● Extracted data:
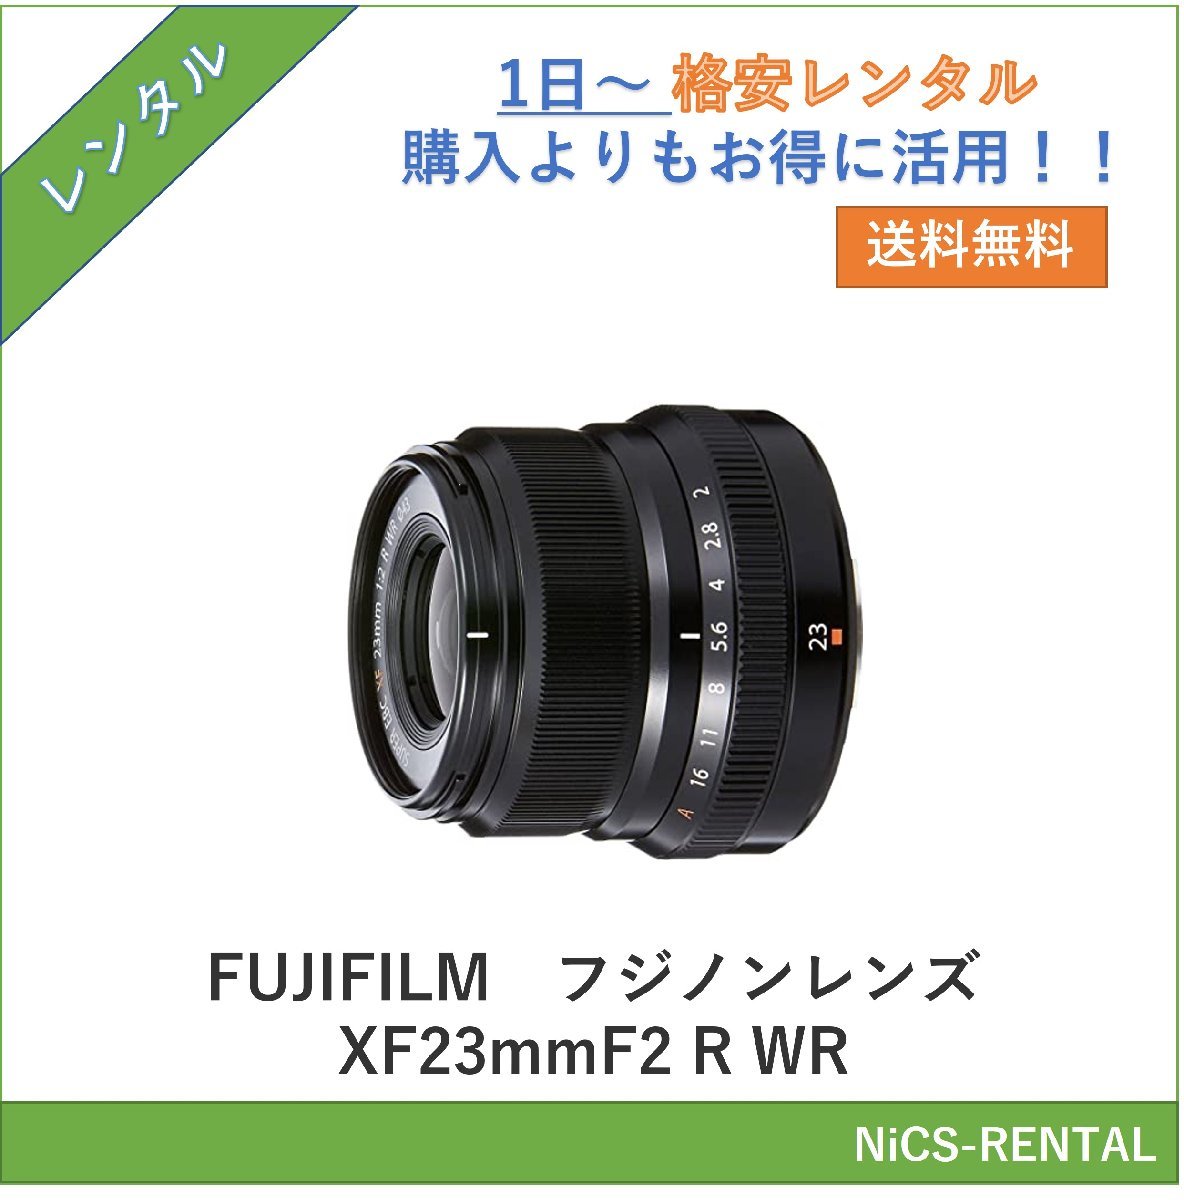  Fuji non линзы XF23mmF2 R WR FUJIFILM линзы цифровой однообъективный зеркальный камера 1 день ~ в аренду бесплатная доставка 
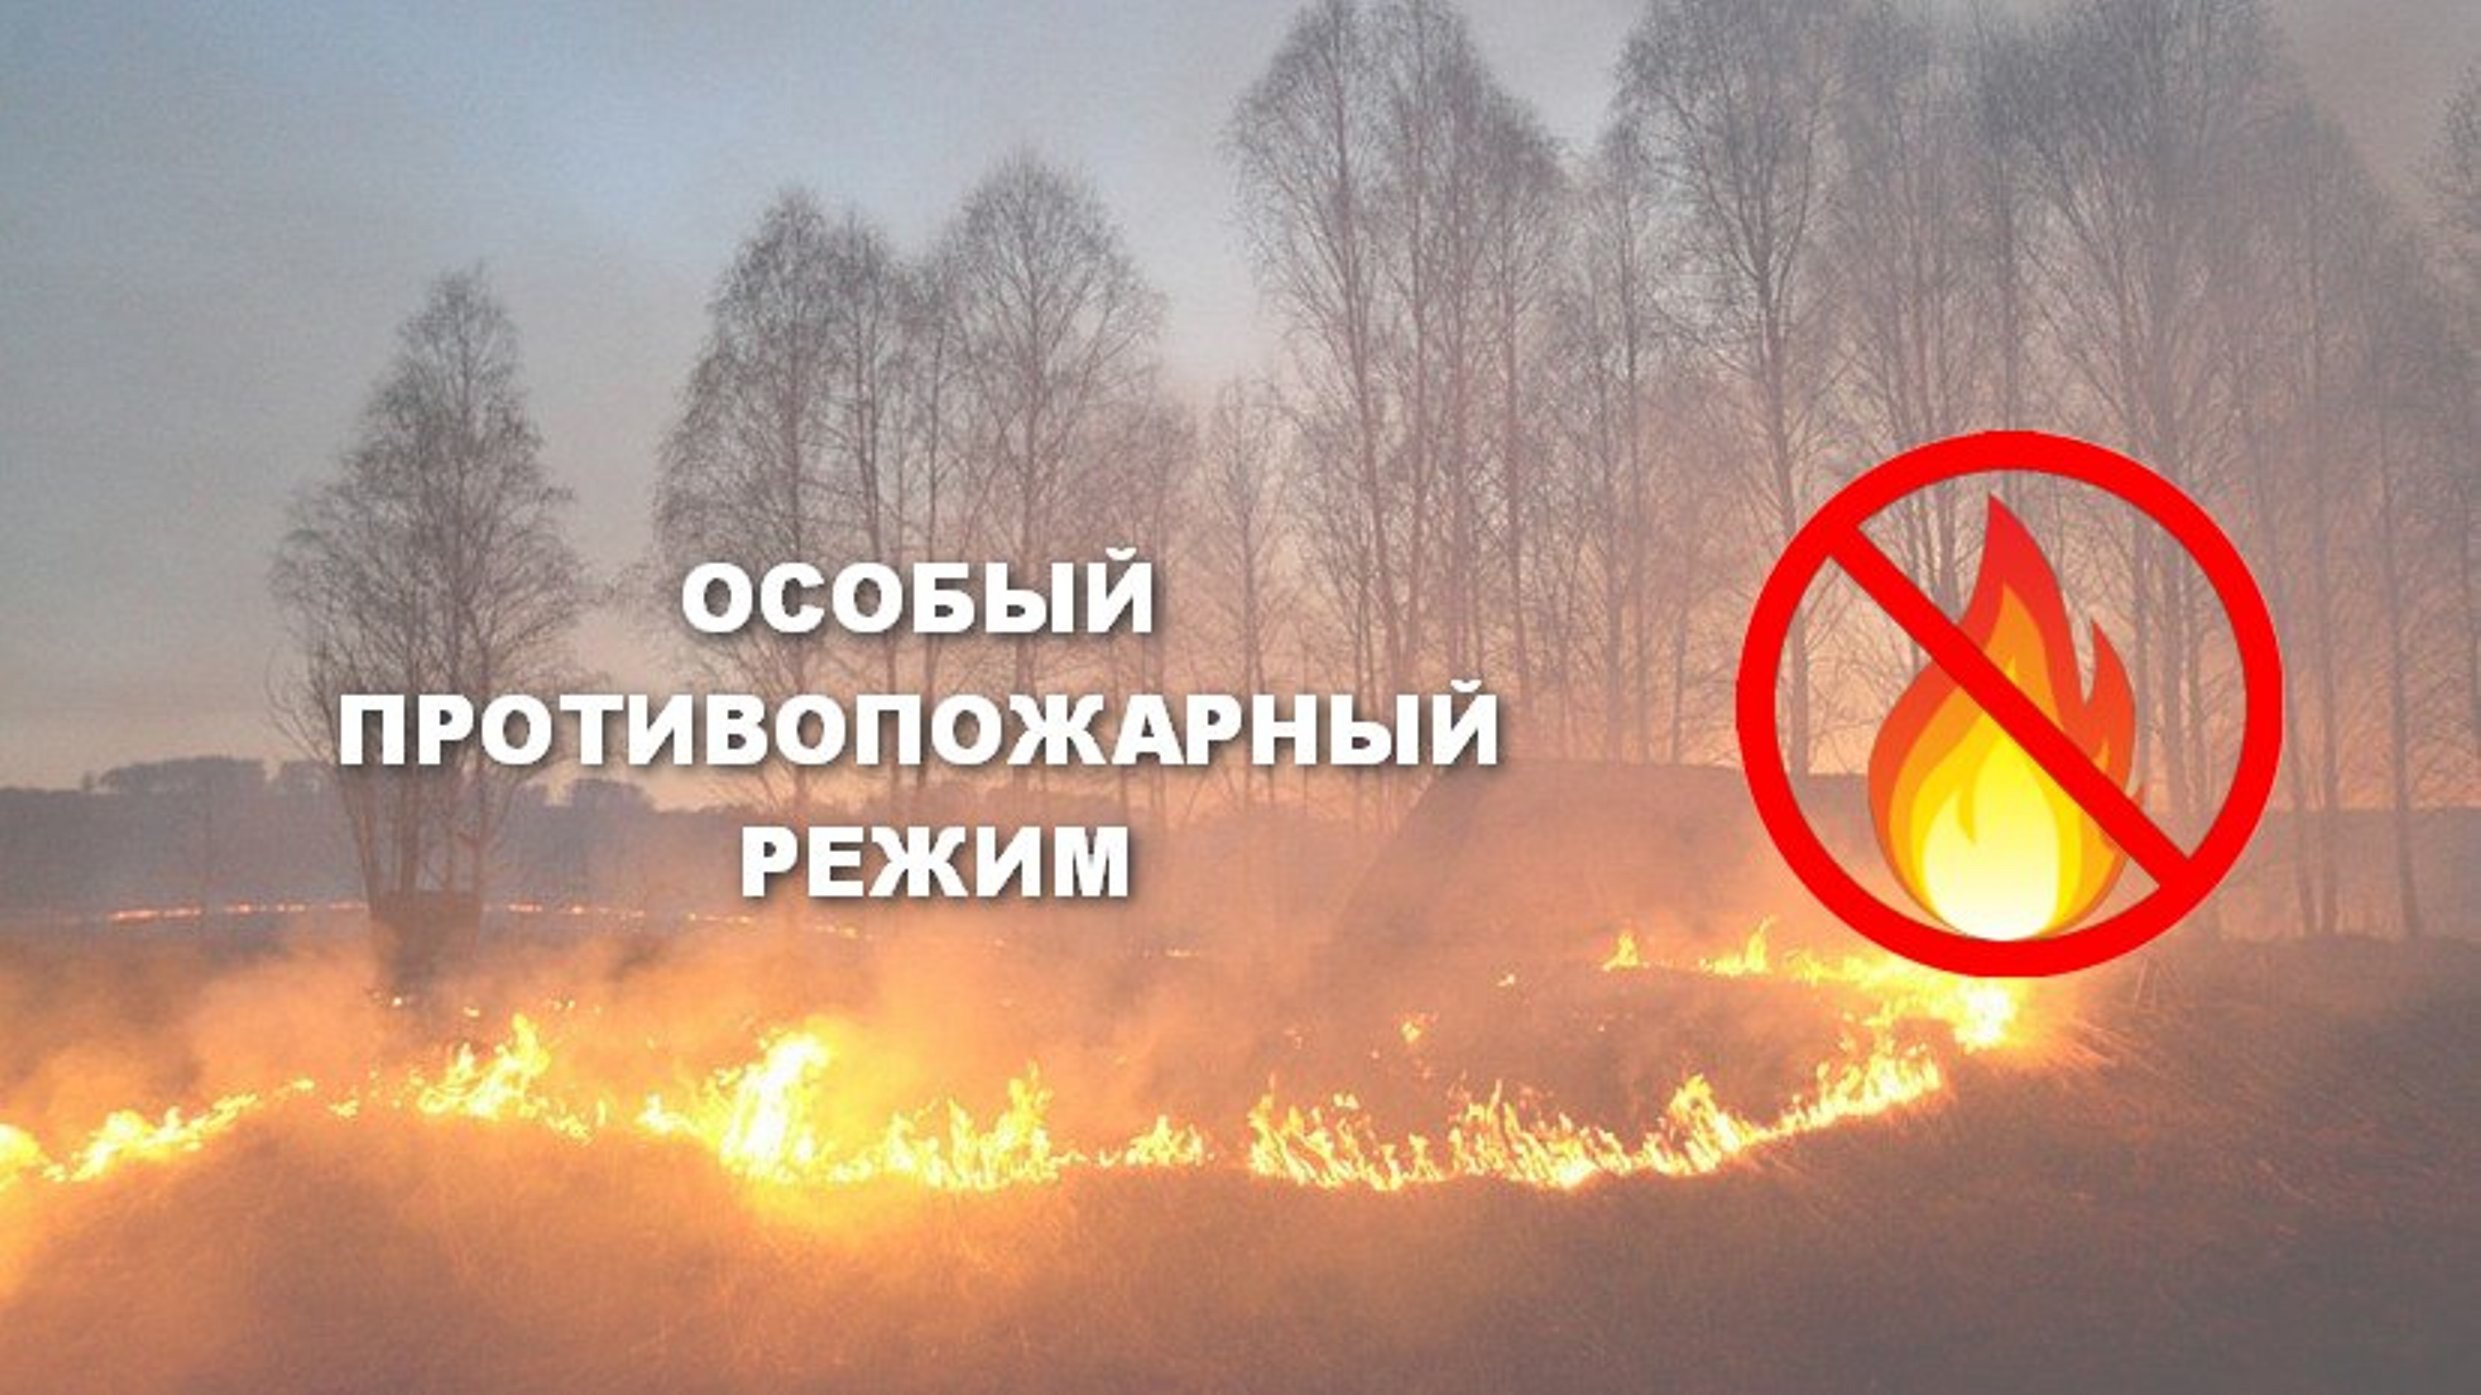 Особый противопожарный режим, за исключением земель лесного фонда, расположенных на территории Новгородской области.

...

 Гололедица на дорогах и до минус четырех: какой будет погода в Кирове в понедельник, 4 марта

--

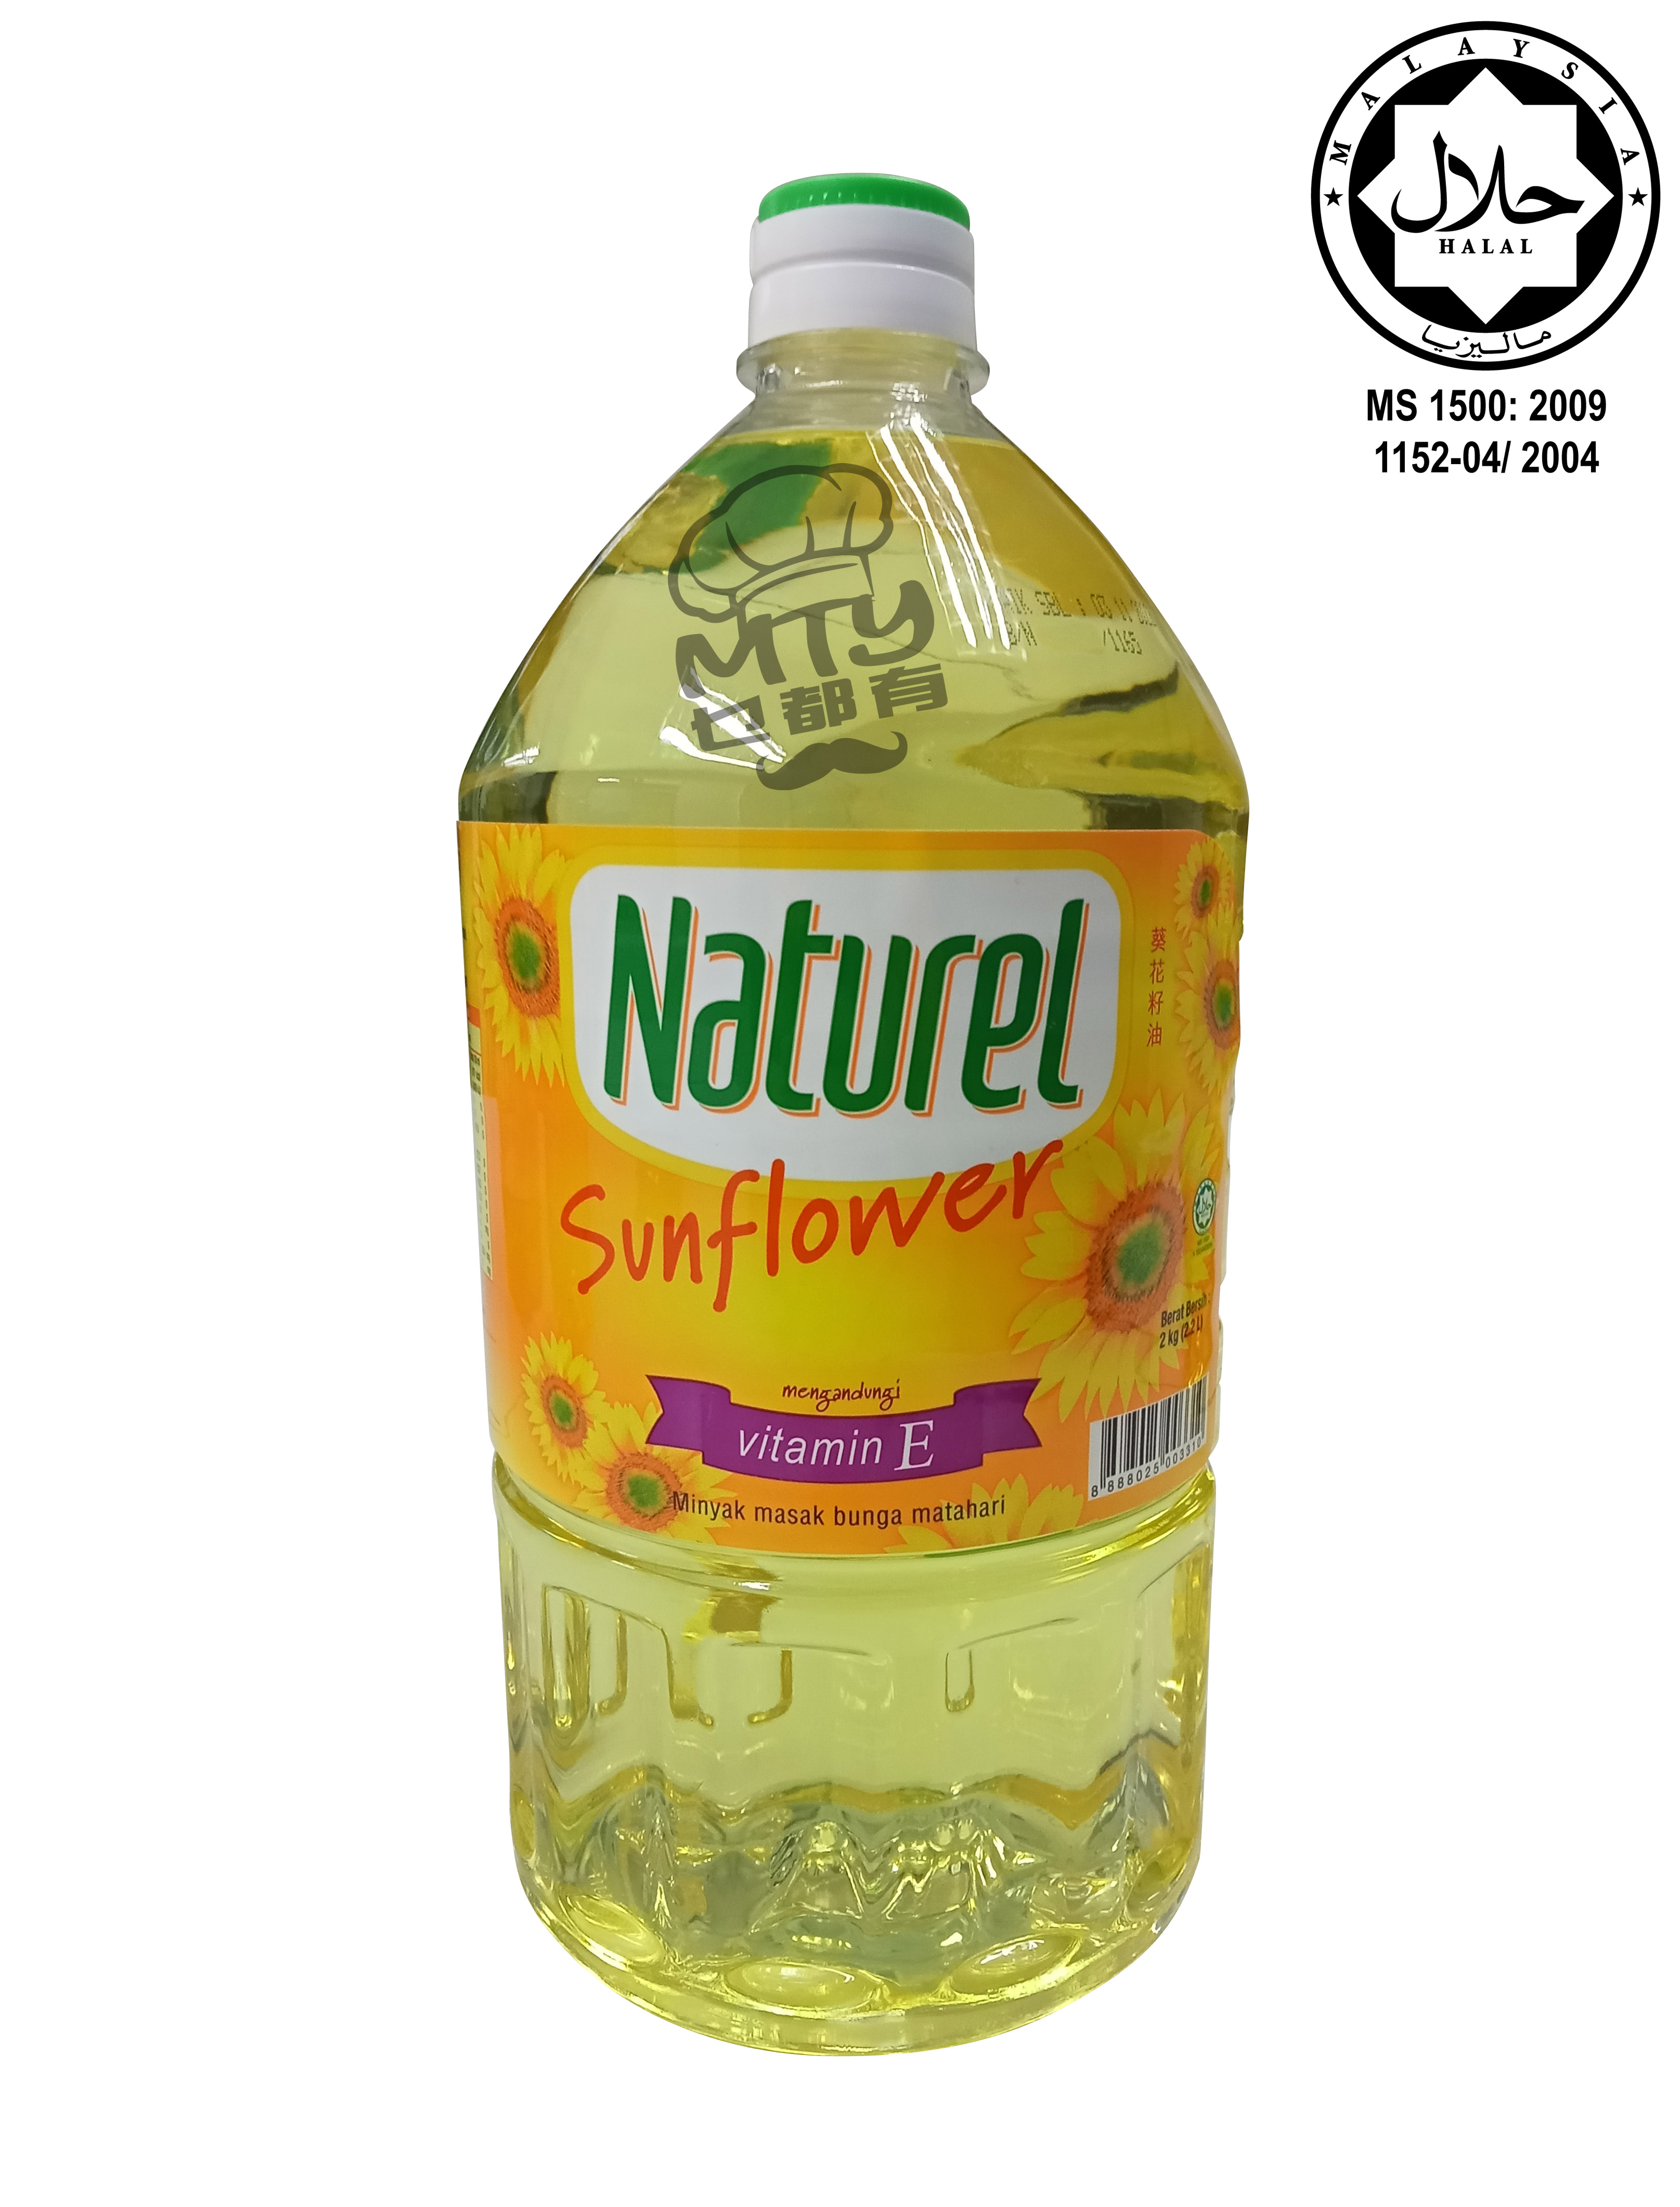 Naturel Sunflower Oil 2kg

● Problem to work on: Everything from the line above that contains "Fuji non линзы" down to the line that contains "Особый противопожарный режим, за" must be reproduced exactly, both ends included. Omit the pictures.

● Task result:
  Fuji non линзы XF23mmF2 R WR FUJIFILM линзы цифровой однообъективный зеркальный камера 1 день ~ в аренду бесплатная доставка 
 Особый противопожарный режим, за исключением земель лесного фонда, расположенных на территории Новгородской области.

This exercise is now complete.